Could you restate the data word for word and drop the pictures?

● The data:
##############################

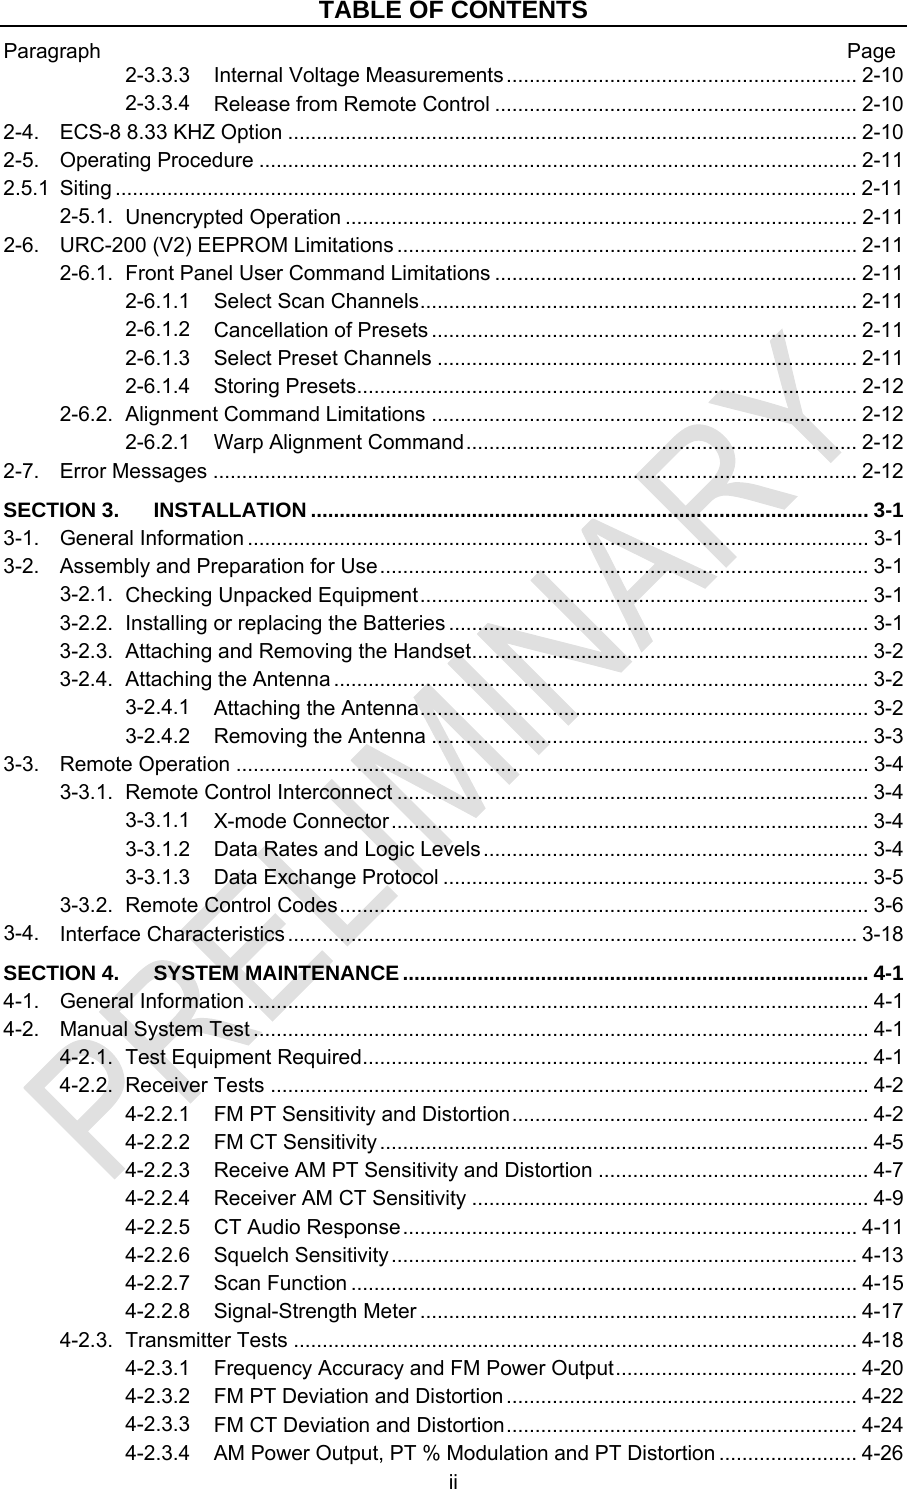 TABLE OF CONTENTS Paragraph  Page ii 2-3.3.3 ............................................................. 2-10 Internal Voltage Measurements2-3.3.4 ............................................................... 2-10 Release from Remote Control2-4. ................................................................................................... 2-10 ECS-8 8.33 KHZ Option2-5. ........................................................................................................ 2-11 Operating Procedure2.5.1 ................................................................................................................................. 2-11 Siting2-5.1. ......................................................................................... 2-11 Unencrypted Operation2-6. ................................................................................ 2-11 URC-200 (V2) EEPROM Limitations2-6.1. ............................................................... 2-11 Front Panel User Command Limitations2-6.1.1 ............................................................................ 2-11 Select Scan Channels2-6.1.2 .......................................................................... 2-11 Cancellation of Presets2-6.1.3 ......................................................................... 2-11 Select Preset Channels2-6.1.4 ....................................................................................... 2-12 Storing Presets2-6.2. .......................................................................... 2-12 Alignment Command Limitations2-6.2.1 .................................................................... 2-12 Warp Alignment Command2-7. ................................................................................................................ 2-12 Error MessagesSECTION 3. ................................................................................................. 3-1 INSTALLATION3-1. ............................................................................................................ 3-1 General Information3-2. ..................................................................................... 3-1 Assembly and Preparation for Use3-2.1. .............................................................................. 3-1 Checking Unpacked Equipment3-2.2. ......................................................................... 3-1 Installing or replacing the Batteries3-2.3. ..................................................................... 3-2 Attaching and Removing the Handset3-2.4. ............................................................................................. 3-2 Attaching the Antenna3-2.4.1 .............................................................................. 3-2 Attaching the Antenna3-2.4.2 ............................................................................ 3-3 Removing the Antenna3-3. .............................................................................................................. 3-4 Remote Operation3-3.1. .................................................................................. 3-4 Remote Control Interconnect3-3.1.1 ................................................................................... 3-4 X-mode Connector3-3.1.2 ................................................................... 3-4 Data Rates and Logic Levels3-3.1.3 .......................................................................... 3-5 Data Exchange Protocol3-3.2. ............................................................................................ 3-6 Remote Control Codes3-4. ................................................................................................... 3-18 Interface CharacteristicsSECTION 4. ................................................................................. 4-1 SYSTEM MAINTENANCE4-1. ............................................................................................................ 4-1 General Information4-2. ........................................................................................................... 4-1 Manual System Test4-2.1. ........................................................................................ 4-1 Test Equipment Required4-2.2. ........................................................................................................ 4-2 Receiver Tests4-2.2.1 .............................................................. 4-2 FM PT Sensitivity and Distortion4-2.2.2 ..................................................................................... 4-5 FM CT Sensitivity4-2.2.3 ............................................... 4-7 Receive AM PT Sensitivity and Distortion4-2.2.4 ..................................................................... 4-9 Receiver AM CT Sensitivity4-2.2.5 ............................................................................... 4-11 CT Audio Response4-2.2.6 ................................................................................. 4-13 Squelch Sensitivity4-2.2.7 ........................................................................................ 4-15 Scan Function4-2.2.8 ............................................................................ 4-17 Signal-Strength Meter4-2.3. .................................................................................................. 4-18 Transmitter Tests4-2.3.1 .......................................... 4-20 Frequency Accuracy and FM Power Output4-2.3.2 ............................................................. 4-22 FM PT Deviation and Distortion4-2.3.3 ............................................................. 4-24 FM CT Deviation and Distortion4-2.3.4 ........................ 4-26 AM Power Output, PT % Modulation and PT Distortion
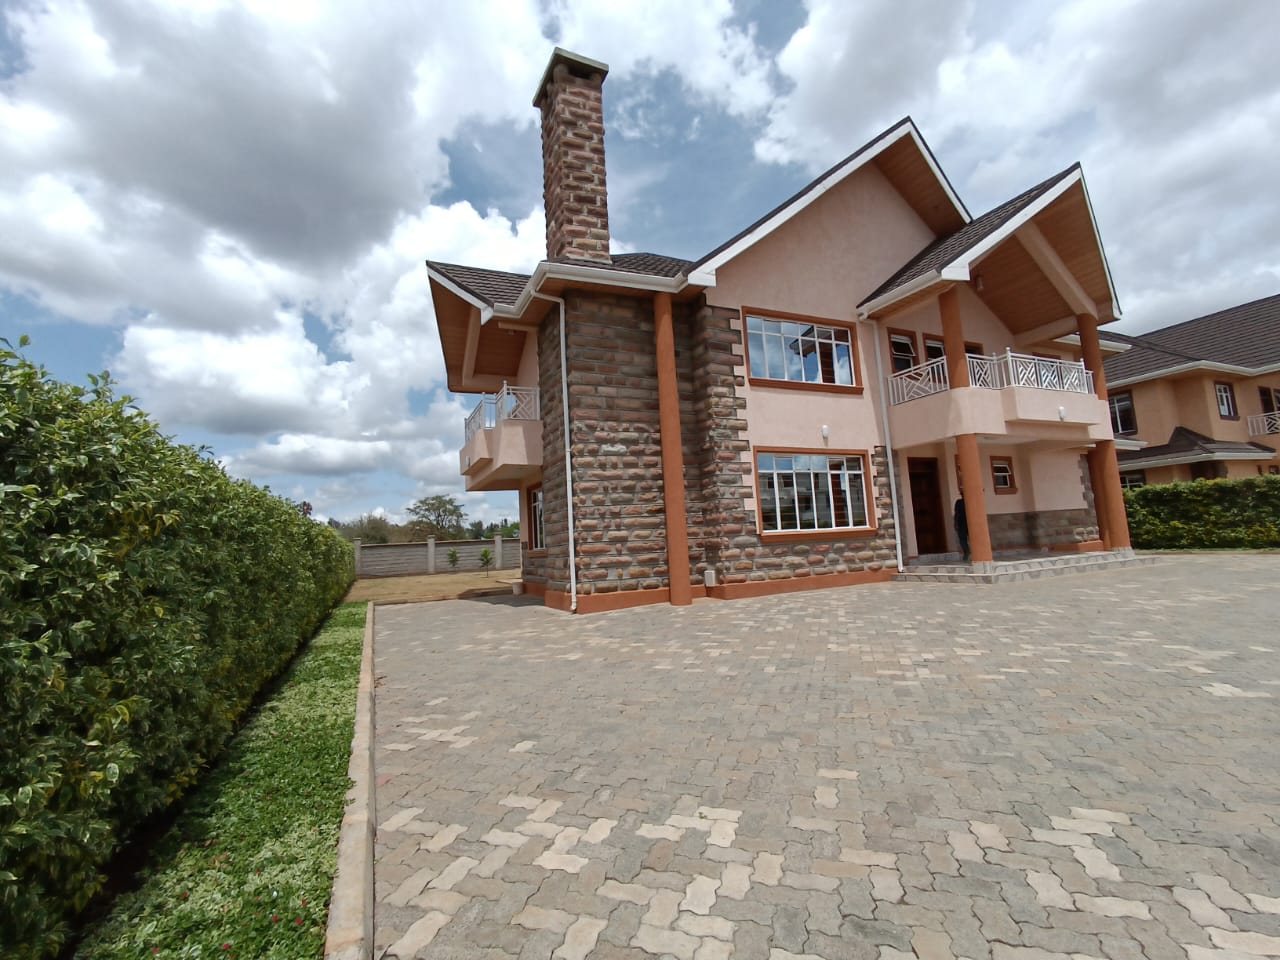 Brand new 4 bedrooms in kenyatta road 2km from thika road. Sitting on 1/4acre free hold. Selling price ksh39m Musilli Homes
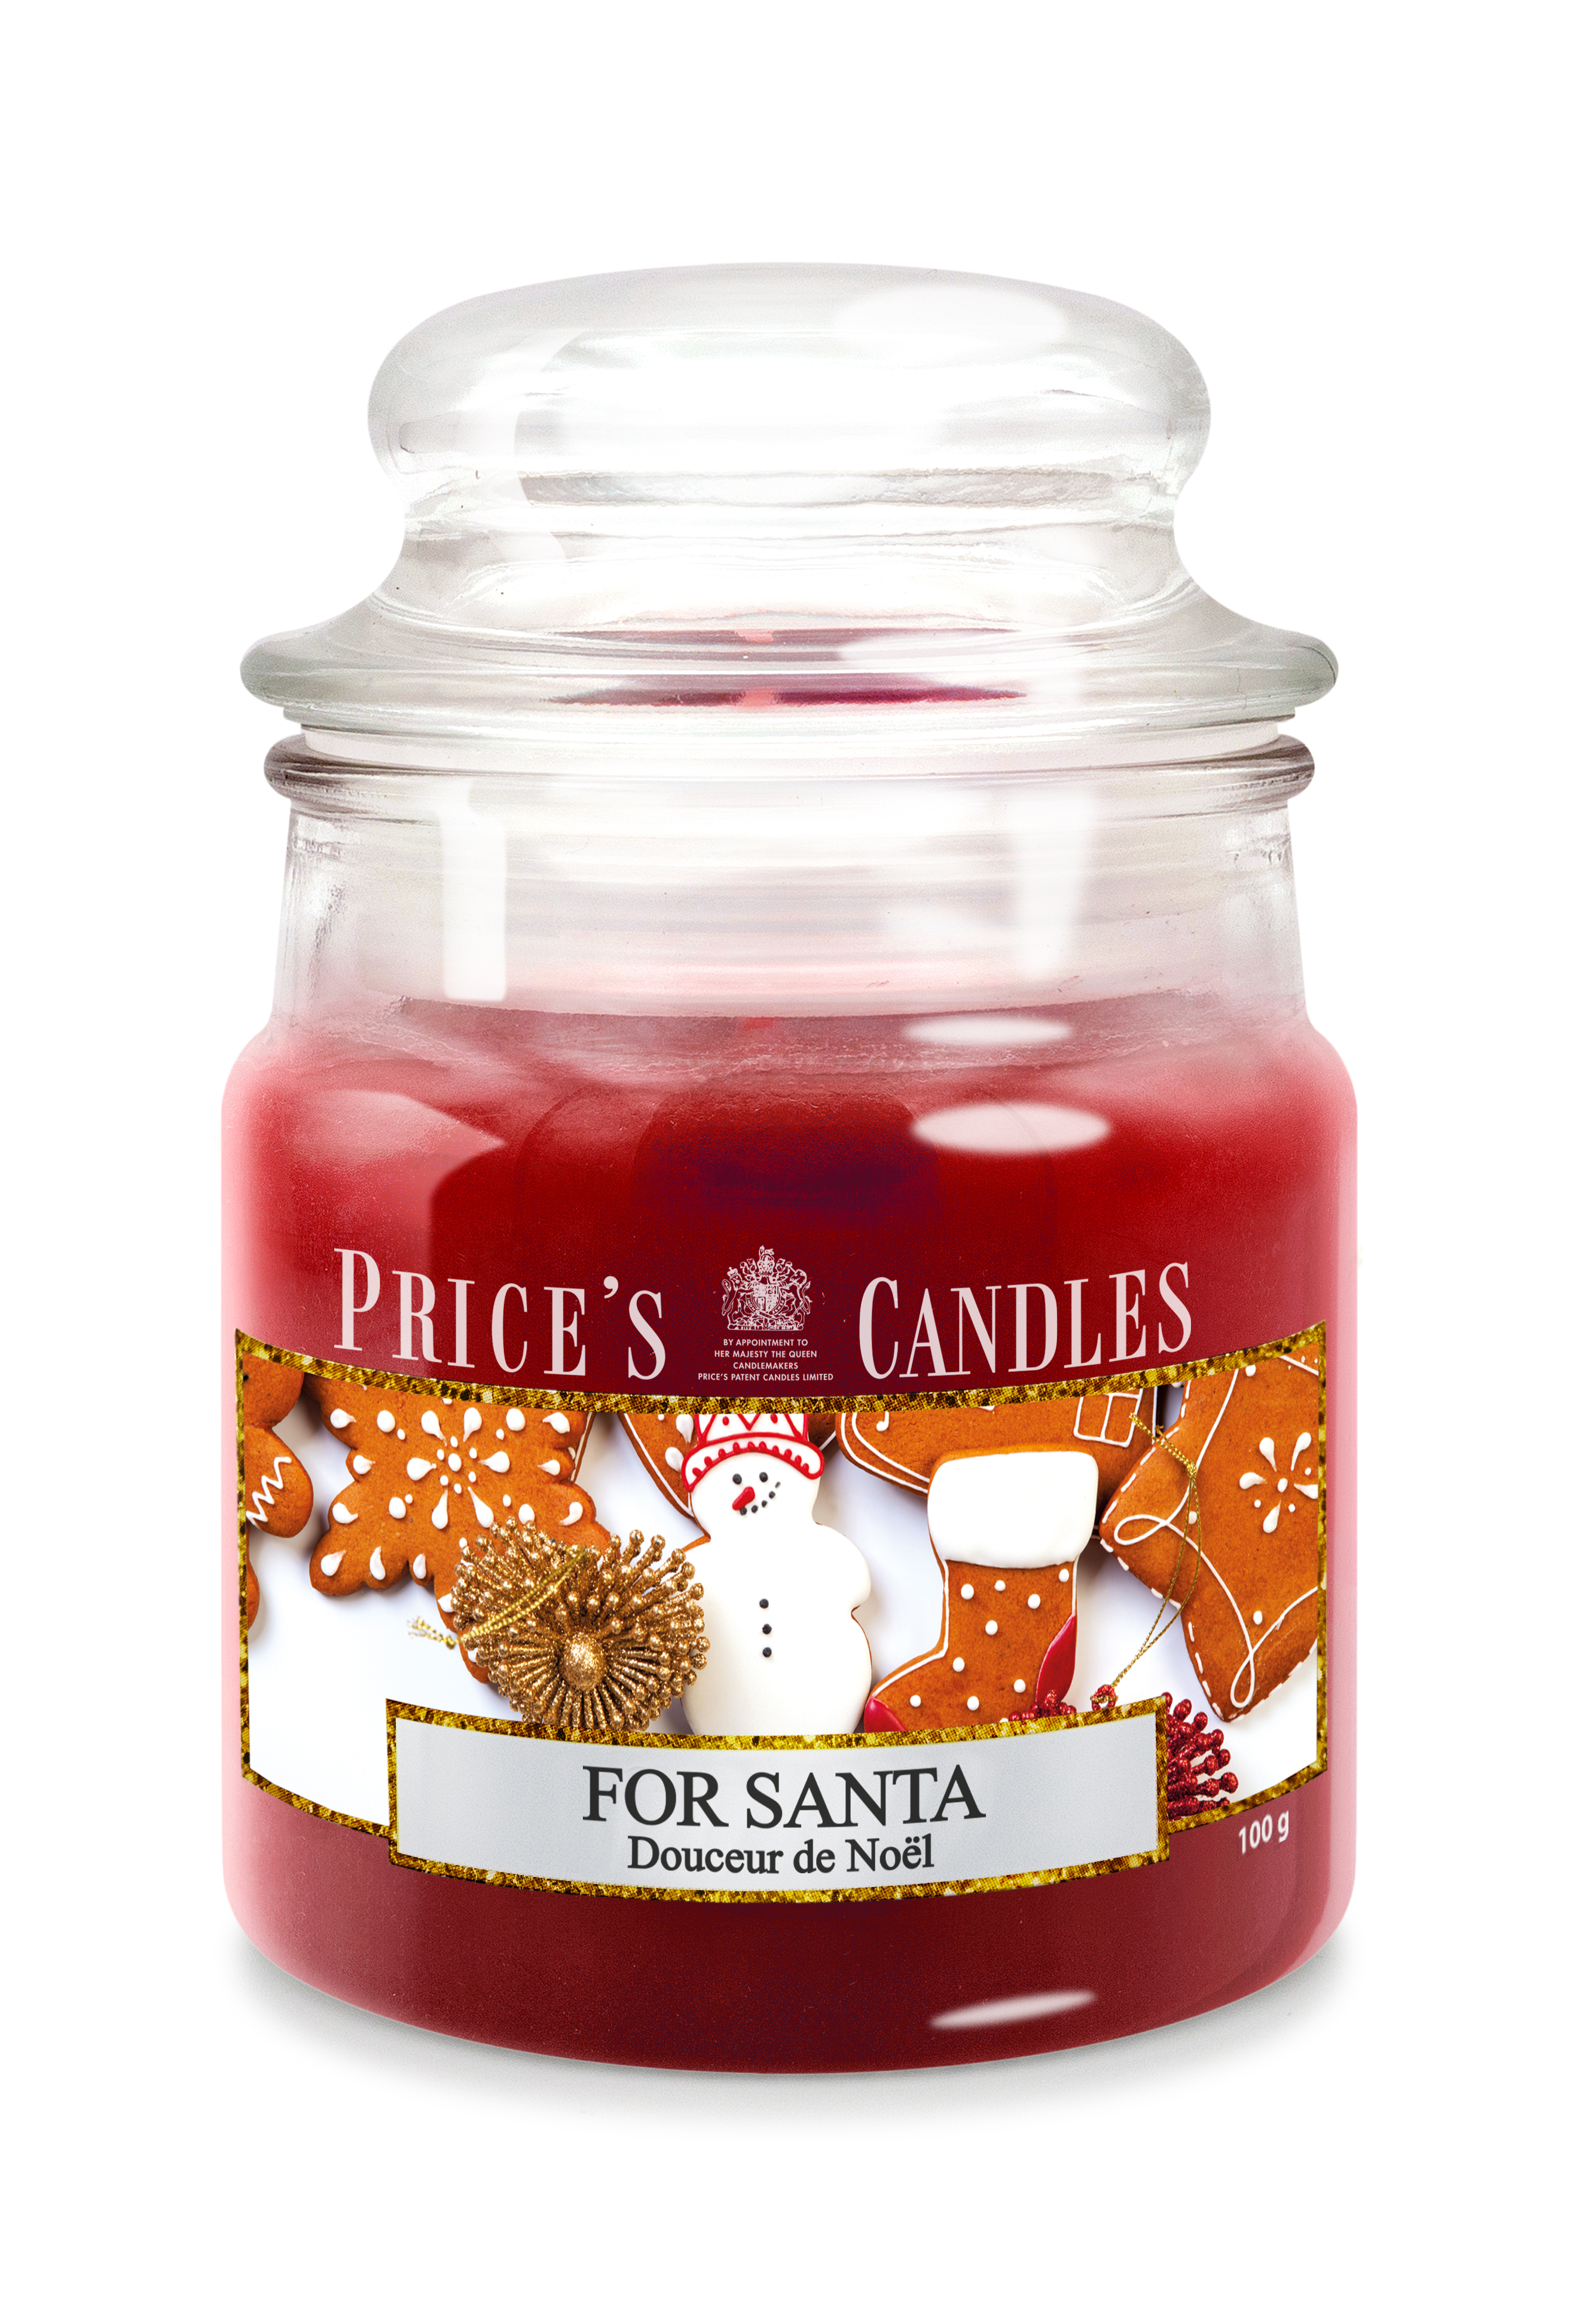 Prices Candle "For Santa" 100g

##############################

● Solution to the problem:
 TABLE OF CONTENTS Paragraph  Page ii 2-3.3.3 ............................................................. 2-10 Internal Voltage Measurements2-3.3.4 ............................................................... 2-10 Release from Remote Control2-4. ................................................................................................... 2-10 ECS-8 8.33 KHZ Option2-5. ........................................................................................................ 2-11 Operating Procedure2.5.1 ................................................................................................................................. 2-11 Siting2-5.1. ......................................................................................... 2-11 Unencrypted Operation2-6. ................................................................................ 2-11 URC-200 (V2) EEPROM Limitations2-6.1. ............................................................... 2-11 Front Panel User Command Limitations2-6.1.1 ............................................................................ 2-11 Select Scan Channels2-6.1.2 .......................................................................... 2-11 Cancellation of Presets2-6.1.3 ......................................................................... 2-11 Select Preset Channels2-6.1.4 ....................................................................................... 2-12 Storing Presets2-6.2. .......................................................................... 2-12 Alignment Command Limitations2-6.2.1 .................................................................... 2-12 Warp Alignment Command2-7. ................................................................................................................ 2-12 Error MessagesSECTION 3. ................................................................................................. 3-1 INSTALLATION3-1. ............................................................................................................ 3-1 General Information3-2. ..................................................................................... 3-1 Assembly and Preparation for Use3-2.1. .............................................................................. 3-1 Checking Unpacked Equipment3-2.2. ......................................................................... 3-1 Installing or replacing the Batteries3-2.3. ..................................................................... 3-2 Attaching and Removing the Handset3-2.4. ............................................................................................. 3-2 Attaching the Antenna3-2.4.1 .............................................................................. 3-2 Attaching the Antenna3-2.4.2 ............................................................................ 3-3 Removing the Antenna3-3. .............................................................................................................. 3-4 Remote Operation3-3.1. .................................................................................. 3-4 Remote Control Interconnect3-3.1.1 ................................................................................... 3-4 X-mode Connector3-3.1.2 ................................................................... 3-4 Data Rates and Logic Levels3-3.1.3 .......................................................................... 3-5 Data Exchange Protocol3-3.2. ............................................................................................ 3-6 Remote Control Codes3-4. ................................................................................................... 3-18 Interface CharacteristicsSECTION 4. ................................................................................. 4-1 SYSTEM MAINTENANCE4-1. ............................................................................................................ 4-1 General Information4-2. ........................................................................................................... 4-1 Manual System Test4-2.1. ........................................................................................ 4-1 Test Equipment Required4-2.2. ........................................................................................................ 4-2 Receiver Tests4-2.2.1 .............................................................. 4-2 FM PT Sensitivity and Distortion4-2.2.2 ..................................................................................... 4-5 FM CT Sensitivity4-2.2.3 ............................................... 4-7 Receive AM PT Sensitivity and Distortion4-2.2.4 ..................................................................... 4-9 Receiver AM CT Sensitivity4-2.2.5 ............................................................................... 4-11 CT Audio Response4-2.2.6 ................................................................................. 4-13 Squelch Sensitivity4-2.2.7 ........................................................................................ 4-15 Scan Function4-2.2.8 ............................................................................ 4-17 Signal-Strength Meter4-2.3. .................................................................................................. 4-18 Transmitter Tests4-2.3.1 .......................................... 4-20 Frequency Accuracy and FM Power Output4-2.3.2 ............................................................. 4-22 FM PT Deviation and Distortion4-2.3.3 ............................................................. 4-24 FM CT Deviation and Distortion4-2.3.4 ........................ 4-26 AM Power Output, PT % Modulation and PT Distortion
 Brand new 4 bedrooms in kenyatta road 2km from thika road. Sitting on 1/4acre free hold. Selling price ksh39m Musilli Homes
 Prices Candle "For Santa" 100g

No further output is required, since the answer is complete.